O przełamanie krakowskiej klątwy i piłkarską Europę. Lechia zagra z Cracovią Kraków

Lechia jeszcze nigdy nie była tak blisko piłkarskiej Europy. Podopieczni Piotra Nowaka zagrają dzisiaj w Krakowie z Cracovią. Zwycięstwo zapewni biało-zielonym grę w Lidze Europejskiej. Dla piłkarzy z Gdańska niedzielne starcie to najważniejszy mecz sezonu. Już dzisiaj podopieczni Piotra Nowka mogą spełnić marzenia o piłkarskiej Europie.
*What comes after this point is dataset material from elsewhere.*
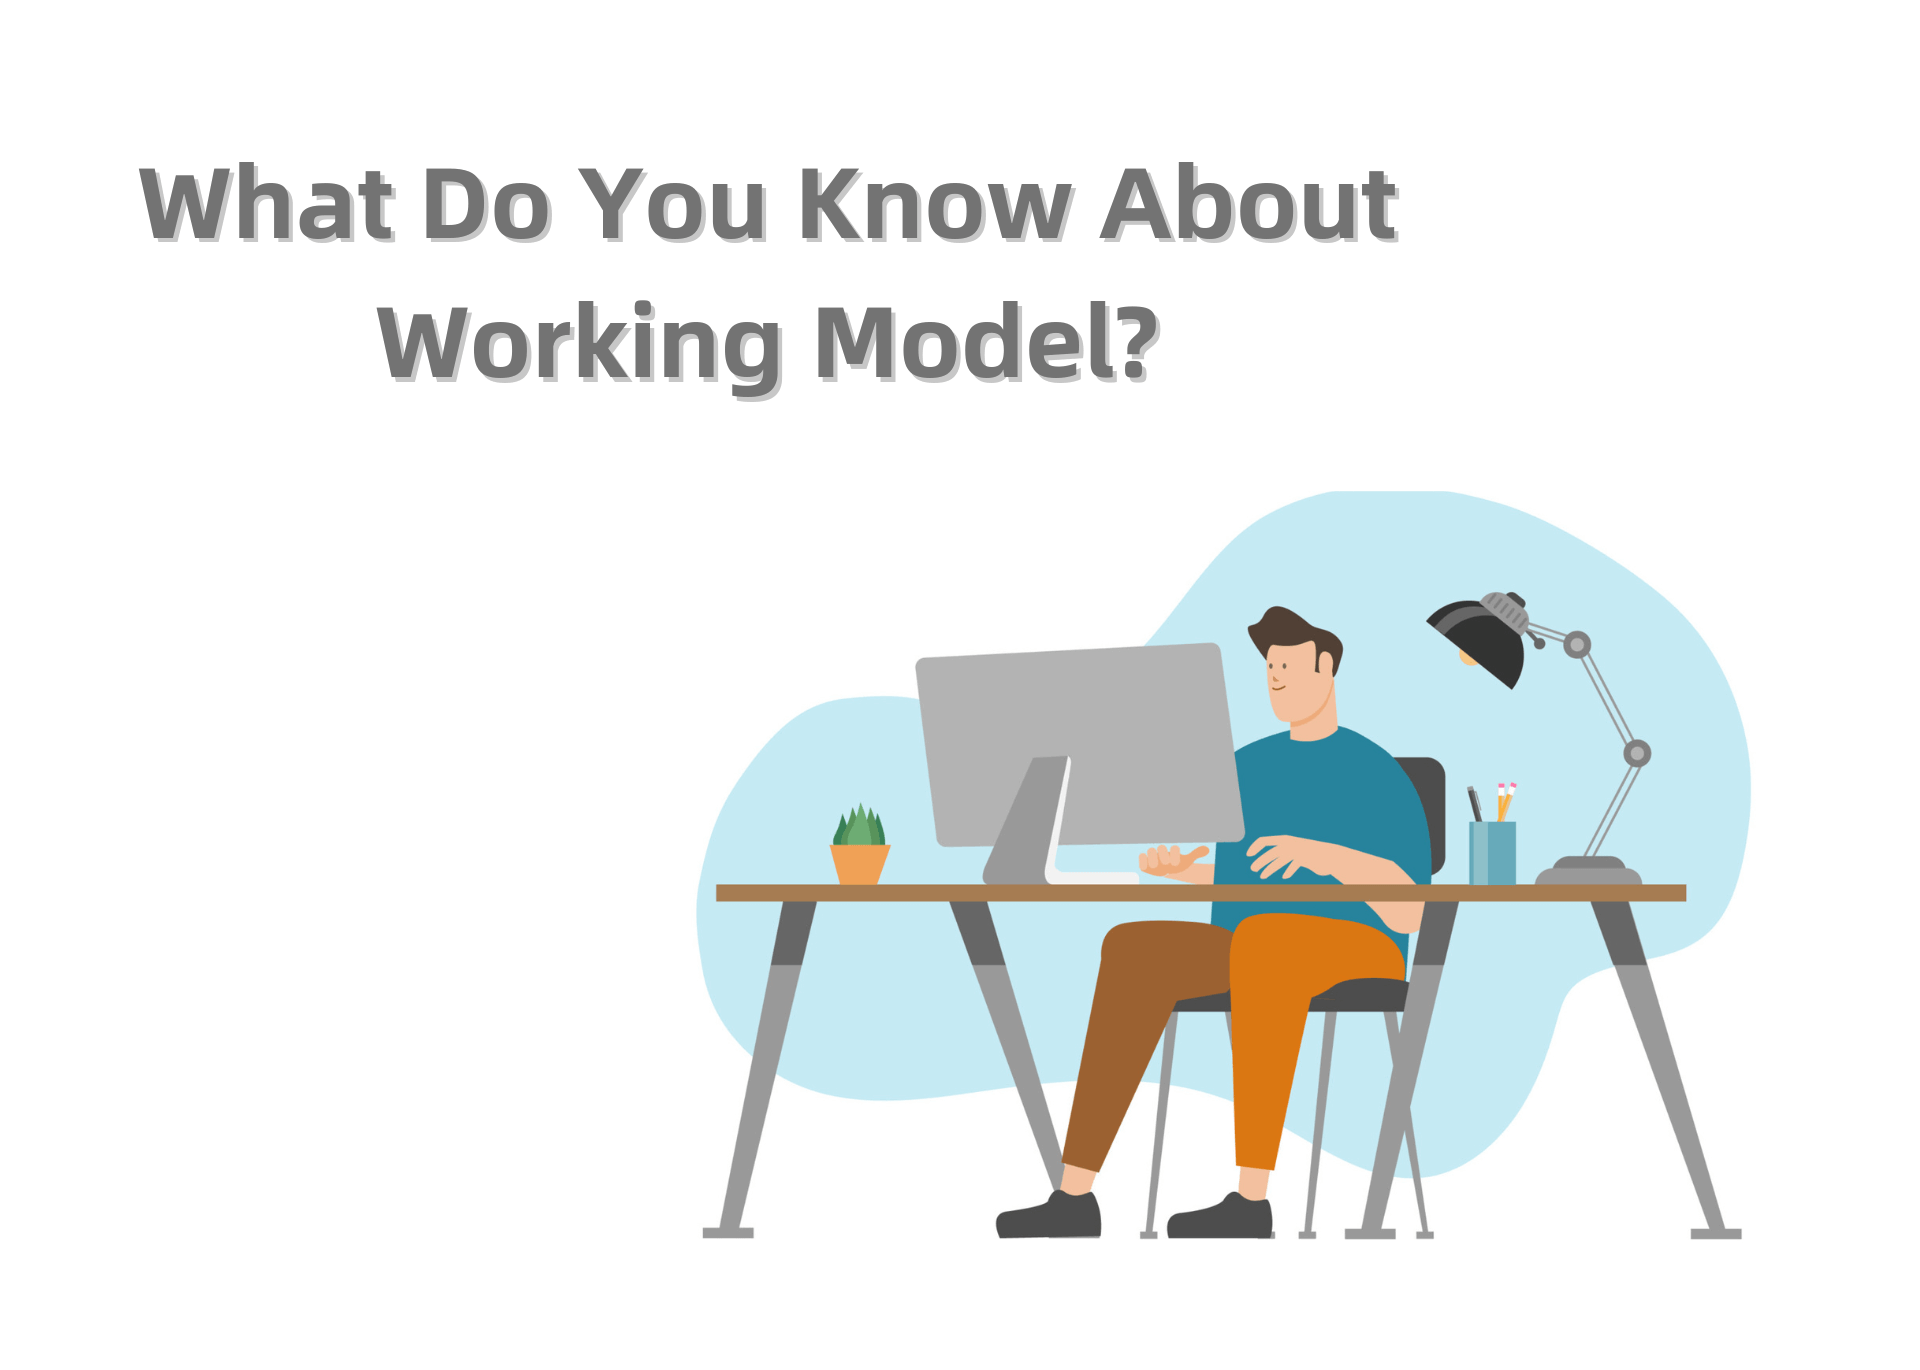 What are major models of work

Trener Lechii uważa, że mecz z Cracovią to „mały finał” całego sezonu. – Na ten moment pracowaliśmy długie tygodnie, by znaleźć się w sytuacji, w której gramy o europejskie puchary i nasz los zależy tylko od nas. W niedzielę chcemy potwierdzić, że wspólnie dokonaliśmy w tym roku czegoś specjalnego, mówi Nowak.

MECZ O WSZYSTKO

Wygrana z Cracovią ma być zwieńczeniem ciężkiego sezonu w wykonaniu Lechii. – Chcemy udowodnić, że warto było poświęcić te godziny na ciężką pracę. Zbudowaliśmy wspólnie z chłopakami coś fajnego i chcemy zaprezentować, że wiara we własne umiejętności, poziom piłkarski i kultura gry są po naszej stronie. Jesteśmy mocni mentalnie i sportowo, przekonywał szkoleniowiec Lechii.

LECHIA MUSI WYGRAĆ

W tym spotkaniu Lechia nie może kalkulować. Tylko zwycięstwo może zapewnić Lechii udział w następnej edycji Ligii Europejskiej. Każdy inny rezultat premiuje Cracovię Kraków. Czy piłkarzom Lechii będzie towarzyszyła dodatkowa presja? – W innych meczach o stawkę, jak z Legią Warszawa czy Ruchem Chorzów, dawaliśmy radę, więc teraz również będziemy zmobilizowani. Pokazaliśmy, że umiemy wypełniać zadania, które stoją przed nami, zaznaczył trener Nowak. – Mamy świadomość tego, że Lechia na stadionie Cracovii nie wygrała od 55 lat, ale pewne rzeczy trzeba przełamywać. Mówiąc całkiem obiektywnie, jesteśmy w stanie to zrobić. Gramy bardzo dobrą piłkę, czasem trochę zwalniamy, ale nie ma to wpływu na wynik. Po okresie lekkiego przestoju łapiemy oddech i zaczynamy na nowo. Nie spoczywamy na laurach, czego dowodem nasz ostatni mecz z Legią, kiedy prowadziliśmy 2:0, ale nie odpuściliśmy i mogliśmy wygrać wyżej – dodał szkoleniowiec biało-zielonych.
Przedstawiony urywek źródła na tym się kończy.